No. My knowledge might be a bit dated, but as far as I know, there is nothing good. But you also don't need realtime Antivirus software for Linux, there still are no real active viruses for Linux.
The scanner for detecting windows-virus while using Linux were said to be ok (ClamAV, I think).
There are active worms for insecure software that runs on Linux (and weak SSH passwords), so that'd be detectable.
Something more like an IDS that detects known-insecure software and configurations is probably more useful than a pattern-matching evil bytes detector though.
Protecting the OS does protect you: stealing my data/cookies today is different than installing OS level backdoor / keylogger and stealing my bank password, tax prep, etc next month/year/etc.
If they've stolen your cookies, they can already login as you. The keylogger is already going to run in user space, as you.
You don't need to compromise root/a privileged user in order to get the keys to the kingdom. Once I've compromised whatever user your browser environment runs as, mission accomplished.
its really not a big deal to type sudo when installing stuff.
Also if you have any hope of dealing with servers in the wider world, you want to shake that habit pronto (and learn ssh keys).
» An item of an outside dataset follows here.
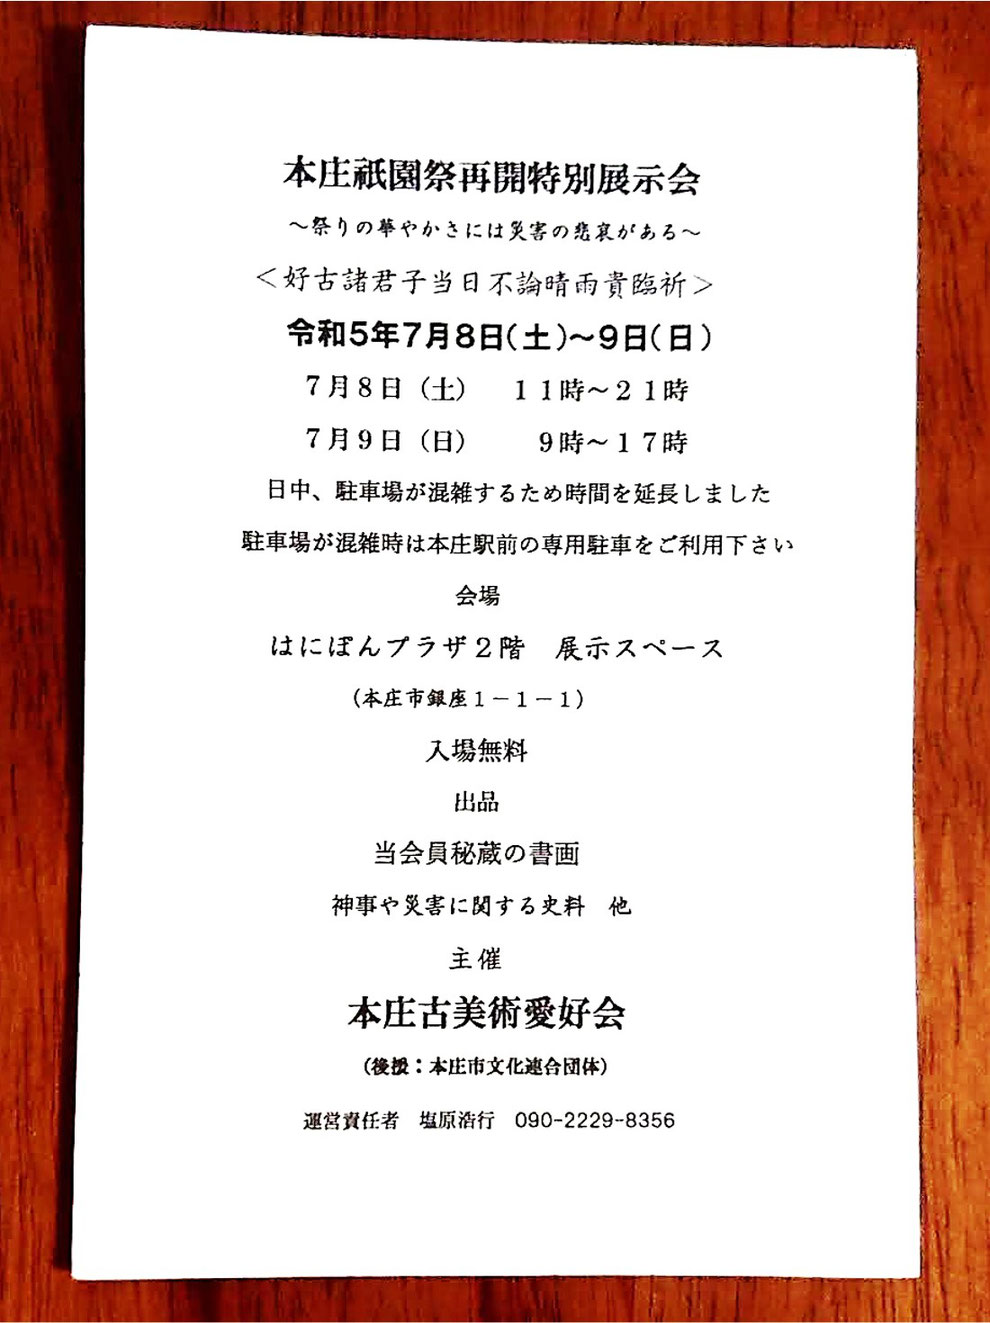 「本庄祇園祭再開特別展示会」のお知らせのハガキ

Also your ironically complaining you can't disable your anti-virus software, but the fact is you have a sloppy approach to security that your IT department is protecting everyone in the company from.
Because then any malware that gets installed by you (or a program you run, like, say, your browser) has root privileges. If you were not logged in as root, anything running as you would not have root privileges and therefore would have much less power to ruin your computer.
It's not a controversial statement. It's security 101. Hell, even Windows Vista implemented the same strategy once Microsoft realized logging in with admin rights was a bad idea.
I'm logged in as root to a headless server that doesn't even run a GUI. I pretty much only install software from the Ubuntu repository. The server is only used by me.
I use windows defender because it comes with windows 8 and it's enabled by default (if that counts). I don't remember the last time I was infected by malware though.
On Windows machine it's pretty much impossible not to. Try installing Windows XP on a virtual box without any firewall setup, and within a day(or even hour) you will get infected. Windows Defender is fairly reliable as far as I've heard, but I'd be happier knowing that someone more qualified who specifically does that for a living is looking over.
Also, when you have non-tech-savvy families you generally want to just get a cover-multiple-pc-at-a-license deals, just because it saves you a lot of hassles.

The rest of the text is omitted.